BellRing Manufacturers (NYSE:BRBR) held its 2026 annual assembly of stockholders in a virtual-only format, with Chief Authorized Officer and Company Secretary Craig Rosenthal presiding over the formal proceedings and outlining the proposals up for a vote.
Rosenthal mentioned the assembly was recorded and that stockholders of document and registered helpful house owners who joined utilizing their management numbers might submit questions associated to assembly issues by the assembly web site. He additionally famous that guidelines of conduct had been posted on-line to assist preserve the assembly orderly.
Firm management in attendance included Chairman Rob Vitale, President and CEO Darcy Davenport, and CFO Paul Rode. Jennifer Meyer, Senior Director of Investor Relations, was current to reasonable questions, and Doug Schmidt of PricewaterhouseCoopers (PwC) attended as a consultant of the corporate’s unbiased registered public accounting agency.
Rosenthal reported that the document date for the assembly was Dec. 8, 2025, with 118,425,407 shares of frequent inventory excellent, every entitled to at least one vote. Roughly 85% of shares had been represented on the assembly, which he mentioned constituted a quorum.
Stockholders had been requested to vote on three proposals described within the firm’s discover of annual assembly and proxy supplies:
Election of 5 administrators for one-year phrases expiring on the 2027 annual assembly (with one nominee serving till a beforehand introduced retirement date).
Ratification of the collection of PricewaterhouseCoopers LLP as unbiased registered public accounting agency for the fiscal 12 months ending Sept. 30, 2026.
Non-binding advisory vote to approve compensation of the corporate’s named govt officers.
The director nominees included three Class One administrators—Davenport, David Finkelstein, and Elliot Stein—and two Class Three administrators—Vitale and Chonda Nwamu. Rosenthal mentioned Stein had beforehand notified the board of his retirement and, if elected, would serve by his beforehand introduced retirement date of Sept. 30, 2026. He added that no different nominations had been acquired.
On the auditor ratification proposal, Rosenthal mentioned the board really helpful ratifying PwC’s appointment for the fiscal 12 months ending Sept. 30, 2026, and famous that whereas stockholder ratification was not required, the board believed it was applicable to request it.
On the chief compensation advisory vote, Rosenthal mentioned the board really helpful approval. He emphasised that the vote is non-binding, however mentioned the board and the Company Governance and Compensation Committee worth stockholder suggestions and can think about the end result when making future compensation choices.
In the course of the portion of the assembly designated for questions associated to the proposals, Rosenthal mentioned there have been no questions submitted. After the assembly concluded, the corporate once more invited further questions, however Jennifer Meyer reported none had been acquired.
After the polls closed, BellRing reported preliminary outcomes primarily based on proxies acquired previous to the assembly, with closing voting outcomes to be verified and disclosed in a Kind 8-Okay to be filed with the SEC inside 4 enterprise days.

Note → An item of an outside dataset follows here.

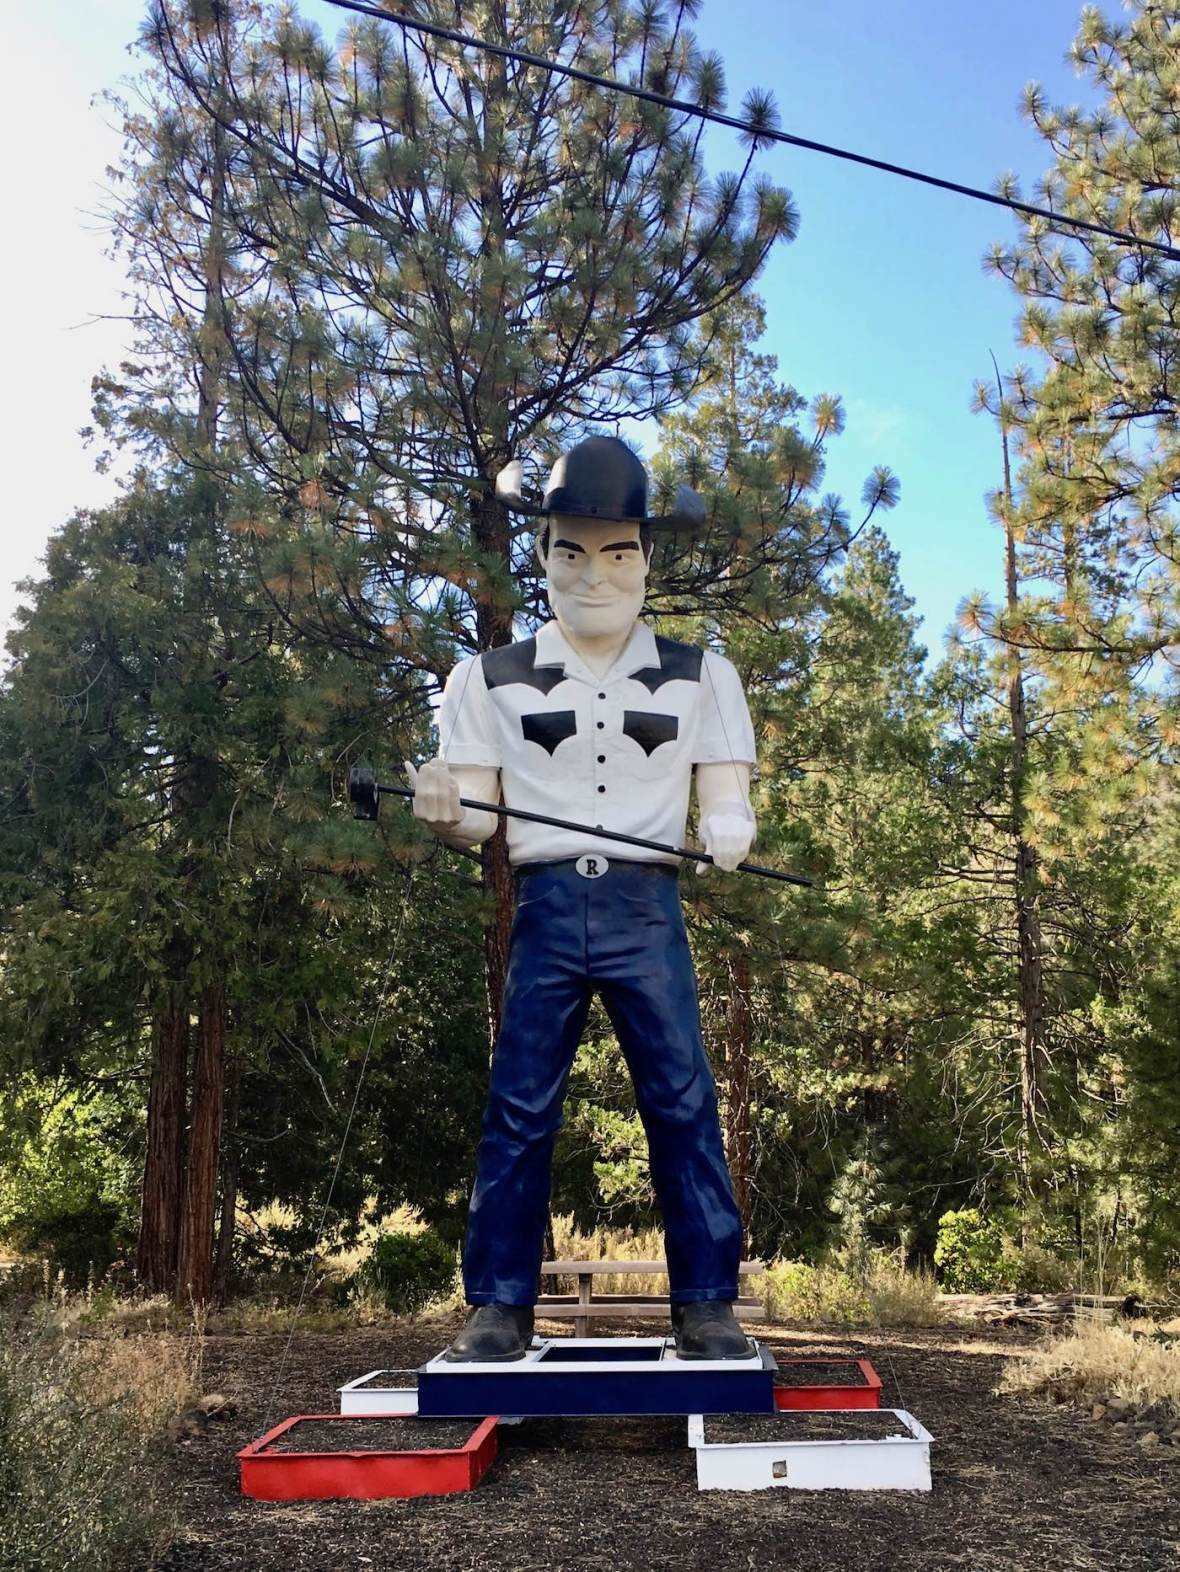 Giant cowboy statue near Lassen Volcanic National Park

For the director elections, the inspector of election reported the next approximate percentages of shares represented and entitled to vote that had been forged in favor of every nominee:
Darcy Davenport: 98%
David Finkelstein: 99%
Elliot Stein: 95%
Robert Vitale: 74%
Chonda Nwamu: 98%
Rosenthal mentioned Davenport, Finkelstein, Vitale, and Nwamu had been every duly elected to one-year phrases expiring in 2027, and that Stein was duly elected to serve by his beforehand introduced retirement date of Sept. 30, 2026.
On the auditor ratification proposal, the corporate reported that roughly 100% of the shares represented and entitled to vote had been forged in favor of ratifying PwC because the unbiased registered public accounting agency for the fiscal 12 months ending Sept. 30, 2026, and the choice was ratified.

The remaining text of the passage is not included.